Let’s now apply MCP-counter to the same dataset.
res_mcp_counter <- deconvolute(dataset_racle$expr_mat, "mcp_counter")
MCP-counter provides scores in arbitrary units that are only comparable between samples, but not between cell-types. The visualisation as bar-chart suggests the scores to be cell-type fractions and is, therefore, unsuitable. Instead, we use ggplot to visualize the scores per-cell type, allowing for a relative comparison between samples.
res_mcp_counter %>%
gather(sample, score, -cell_type) %>%
ggplot(aes(x = sample, y = score, color = cell_type)) +
geom_point(size = 4) +
facet_wrap(~cell_type, scales = "free_x", ncol = 3) +
scale_color_brewer(palette = "Paired", guide = FALSE) +
coord_flip() +
theme_bw() +
theme(axis.text.x = element_text(angle = 90, vjust = 0.5, hjust = 1))
With the scores being in arbitrary units, the results are not useful for judging if a cell type is present in the sample, or not. However, we can compare the relative values between samples and relate them to the results we obtained earlier using quanTIseq.
Let’s now compare the results with ‘gold standard’ FACS data obtained for the four samples.

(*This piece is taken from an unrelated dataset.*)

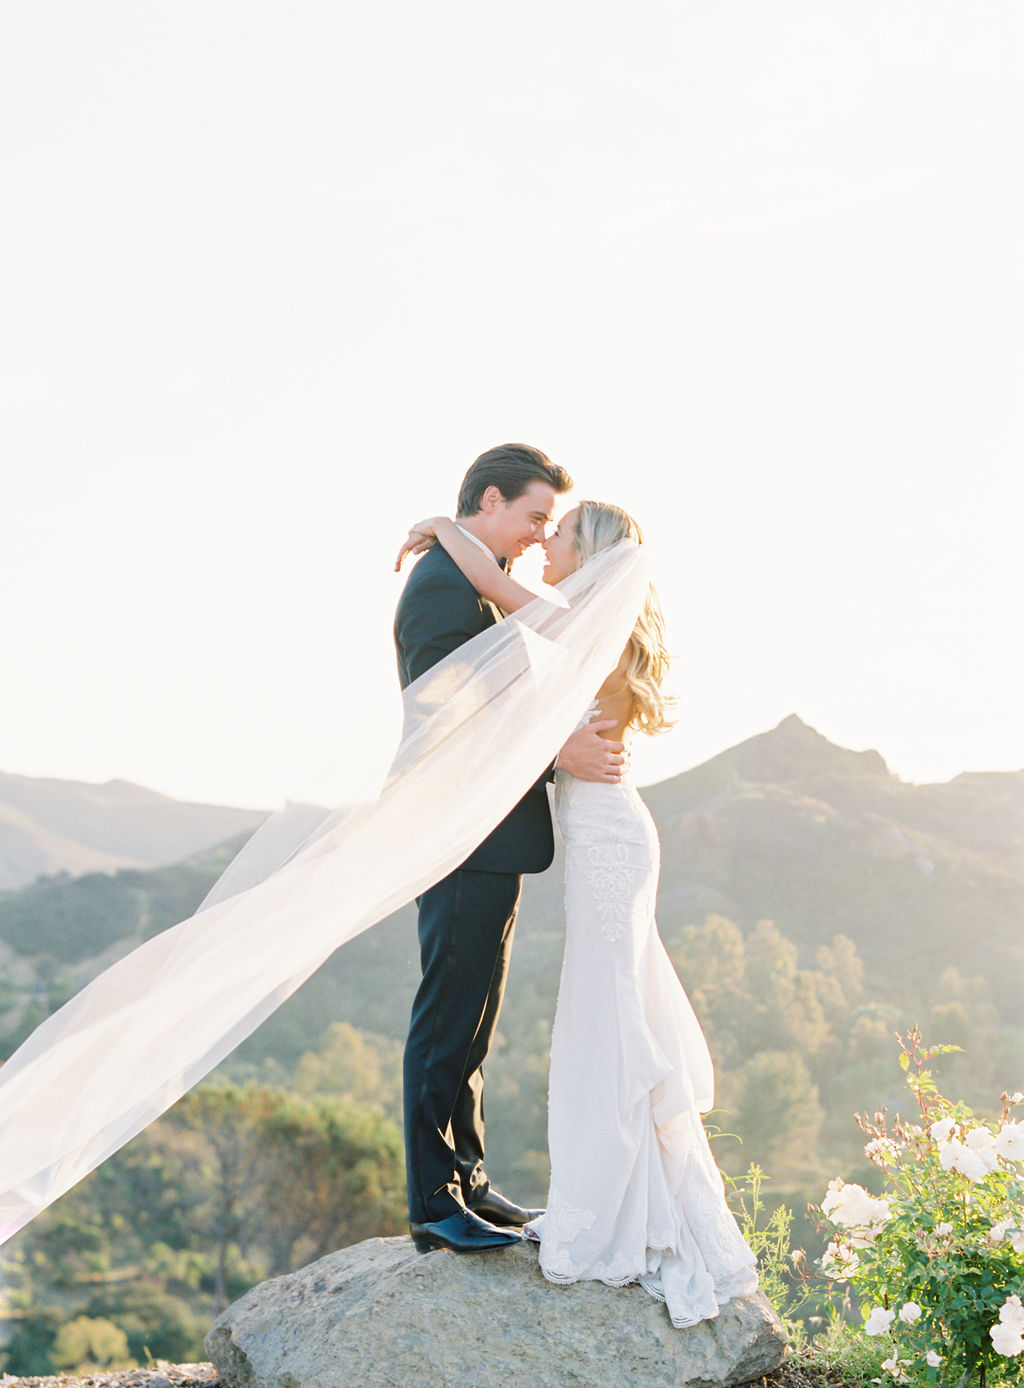 LILY & KEVIN  Malibu, CA, — The Great Romance

This is, of course, not a representative benchmark, but it gives a notion about what magnitude of predictive accuracy we can expect.

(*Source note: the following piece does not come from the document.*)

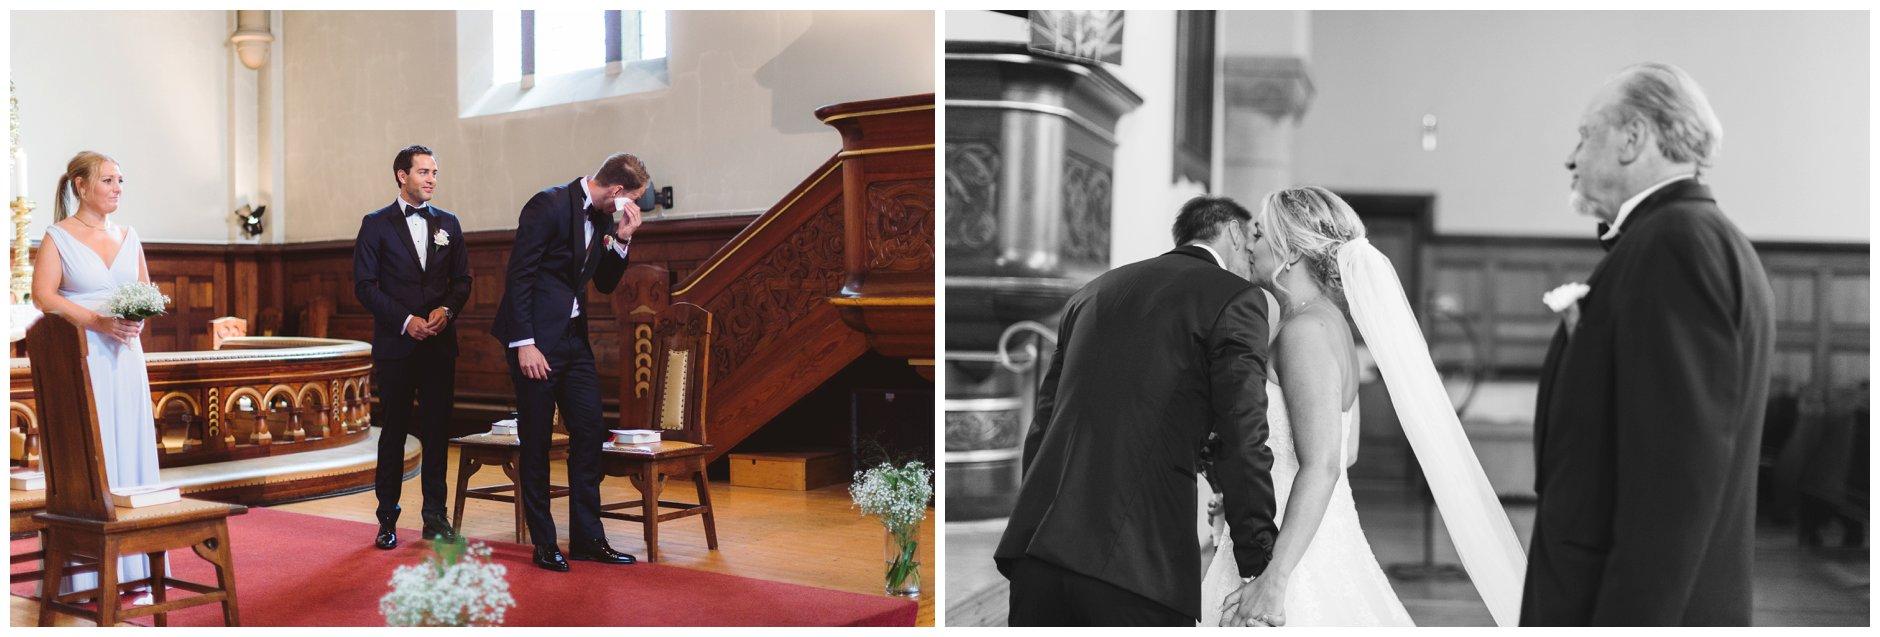 Fotograf-Eline-Jacobine-Bryllup-Villa-Eckbo-Fagerborg-kirke-The-Thief-Oslo_0048

# construct a single dataframe containing all data
#
# re-map the cell-types to common names.
# only include the cell-types that are measured using FACS
cell_types <- c("B cell", "T cell CD4+", "T cell CD8+", "NK cell")
tmp_quantiseq <- res_quantiseq %>%
map_result_to_celltypes(cell_types, "quantiseq") %>%
rownames_to_column("cell_type") %>%
gather("sample", "estimate", -cell_type) %>%
mutate(method = "quanTIseq")
tmp_mcp_counter <- res_mcp_counter %>%
map_result_to_celltypes(cell_types, "mcp_counter") %>%
rownames_to_column("cell_type") %>%
gather("sample", "estimate", -cell_type) %>%
mutate(method = "MCP-counter")
result <- bind_rows(tmp_quantiseq, tmp_mcp_counter) %>%
inner_join(dataset_racle$ref)
Plot the true vs. estimated values:
result %>%
ggplot(aes(x = true_fraction, y = estimate)) +
geom_point(aes(shape = cell_type, color = cell_type)) +
facet_wrap(cell_type ~ method, scales = "free_y", ncol = 2) +
scale_color_brewer(palette = "Dark2") +
theme_bw()
(MCP counter does not provide estimates for CD4+ T cells.)